文本提取 - 逐行答案

【问题标题】：Text extraction - line-by-line文本提取 - 逐行
【发布时间】：2017-02-22 12:06:41
【问题描述】：

我正在使用 Google Vision API，主要用于提取文本。我工作得很好，但对于我需要 API 扫描输入行的特定情况，在移动到下一行之前吐出文本。但是，API 似乎正在使用某种逻辑，使其在左侧从上到下扫描，然后移动到右侧并进行从上到下的扫描。如果 API 从左到右读取、向下移动等等，我会很高兴的。

例如，考虑图像：

API 返回如下文本：

“ Name DOB Gender: Lives In John Doe 01-Jan-1970 LA ”

然而，我本来希望是这样的：

“ Name: John Doe DOB: 01-Jan-1970 Gender: M Lives In: LA ”

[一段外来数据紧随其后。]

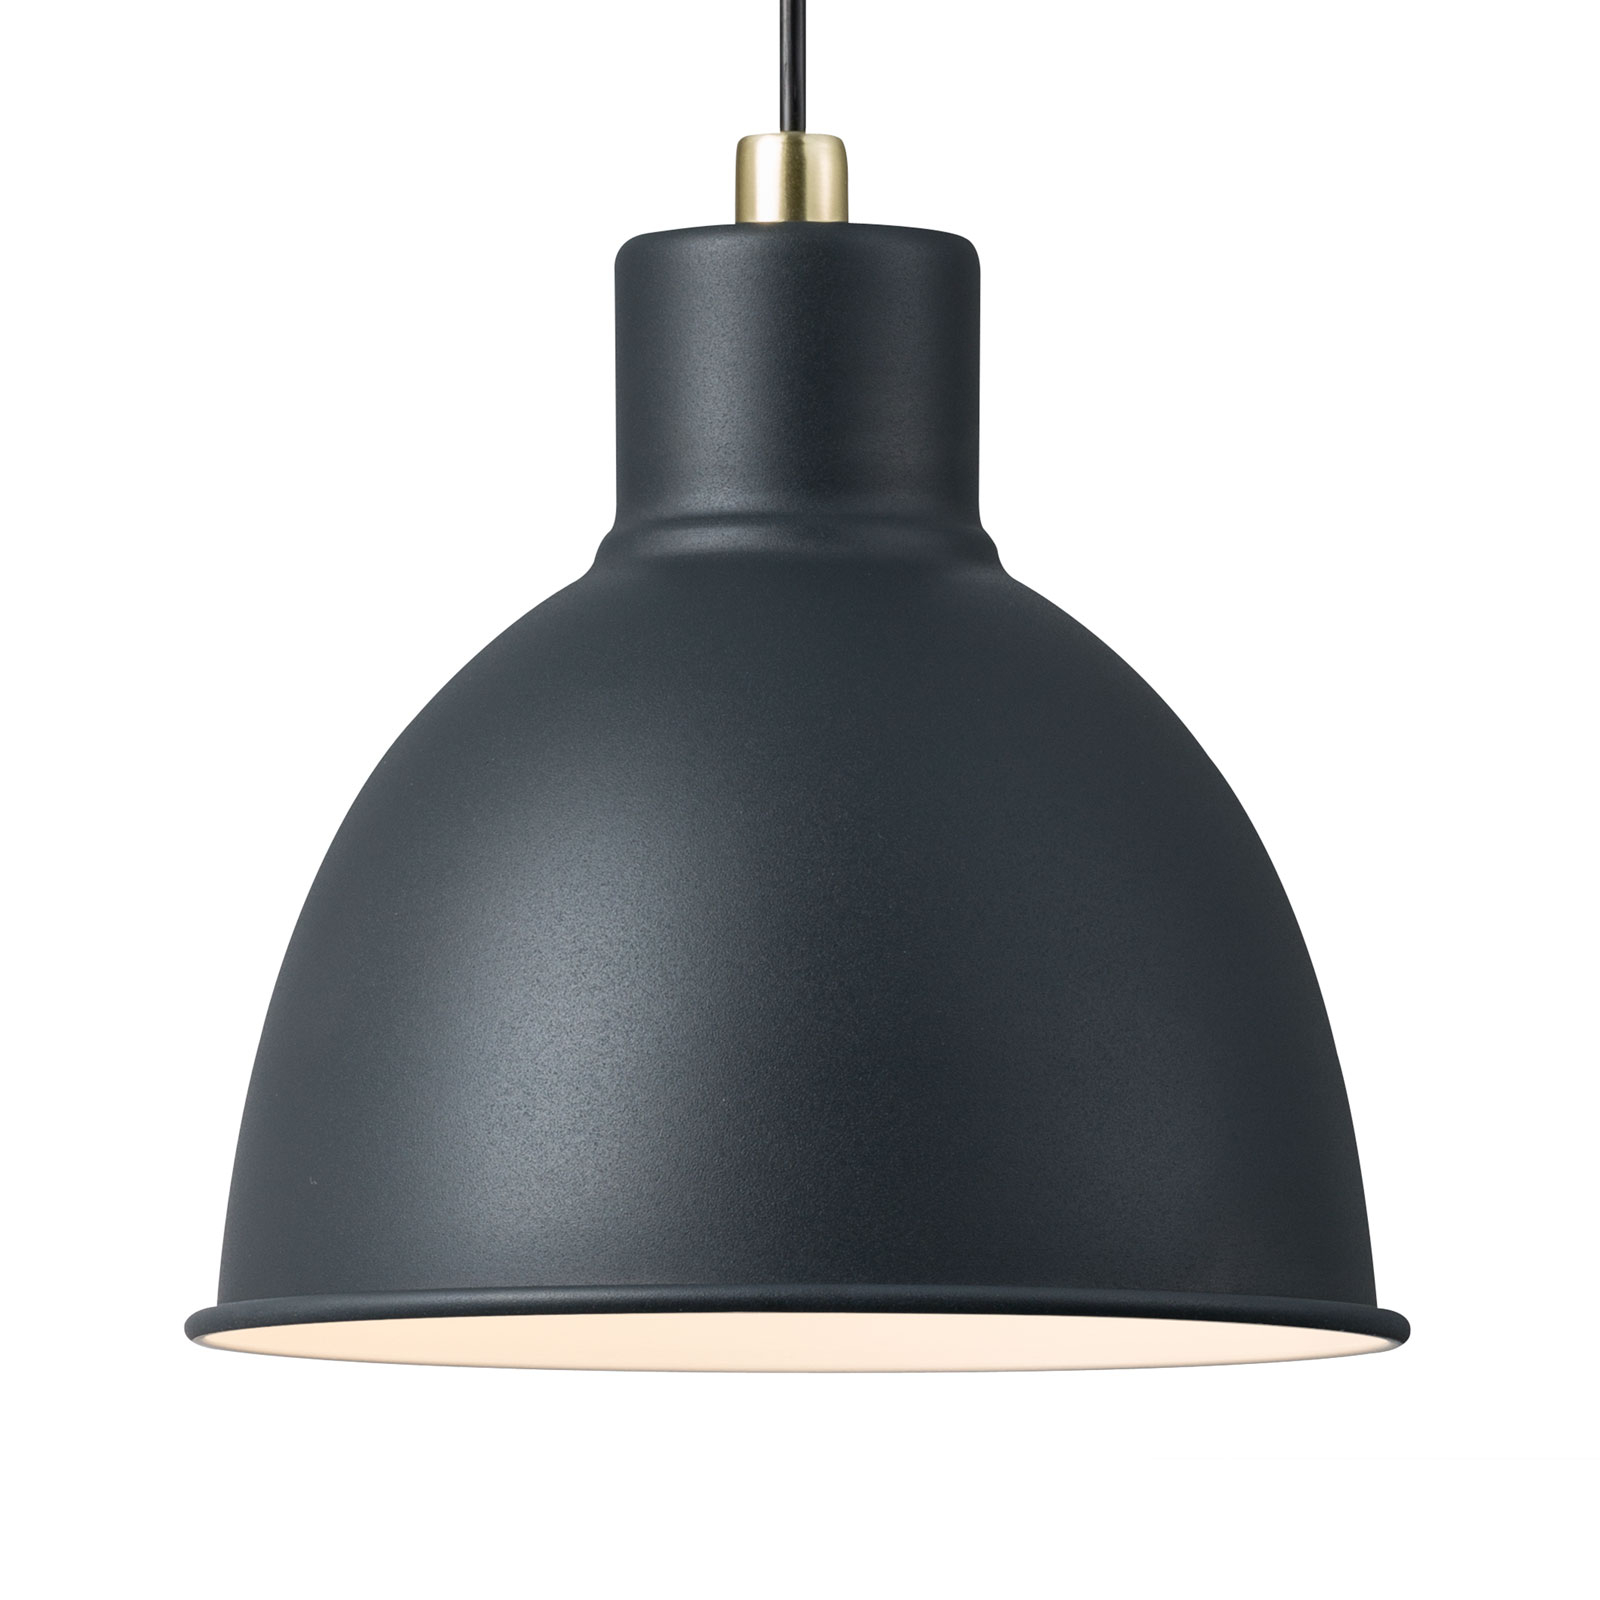 Lampa wisząca Pop Rough z metalu, czarna

我想有一种方法可以定义块大小或边距设置（？）以逐行读取图像/扫描？

感谢您的帮助。亚历克斯

【问题讨论】：

标签： google-cloud-vision google-vision

【解决方案1】：

这可能是一个较晚的答案，但添加它以供将来参考。您可以向 JSON 请求添加功能提示以获得所需的结果。

{
  "requests": [
    {
      "image": {
        "source": {
          "imageUri": "https://i.stack.imgur.com/TRTXo.png"
        }
      },
      "features": [
        {
          "type": "DOCUMENT_TEXT_DETECTION"
        }
      ]
    }
  ]
}

对于相距甚远的文本，DOCUMENT_TEXT_DETECTION 也不提供正确的行分割。

下面code根据字符多边形坐标做简单的线段分割。

https://github.com/sshniro/line-segmentation-algorithm-to-gcp-vision

【讨论】：

我看到了这段代码，它读起来很短，但我想在 Java 中使用它，如何隐藏它？
语法大致相同。该算法使用多边形计算库，因此应该使用类似的库来确定点是否在 Java 中的多边形内。
谢谢，我在java中用：两个矩形的空间重叠
这个 javascript 代码对我有用，但我可以为 python 获得相同的代码吗？

【解决方案2】：

这里有一个简单的代码，可以逐行阅读。 y 轴表示行，x 轴表示行中的每个单词。

items = []
lines = {}

for text in response.text_annotations[1:]:
    top_x_axis = text.bounding_poly.vertices[0].x
    top_y_axis = text.bounding_poly.vertices[0].y
    bottom_y_axis = text.bounding_poly.vertices[3].y

    if top_y_axis not in lines:
        lines[top_y_axis] = [(top_y_axis, bottom_y_axis), []]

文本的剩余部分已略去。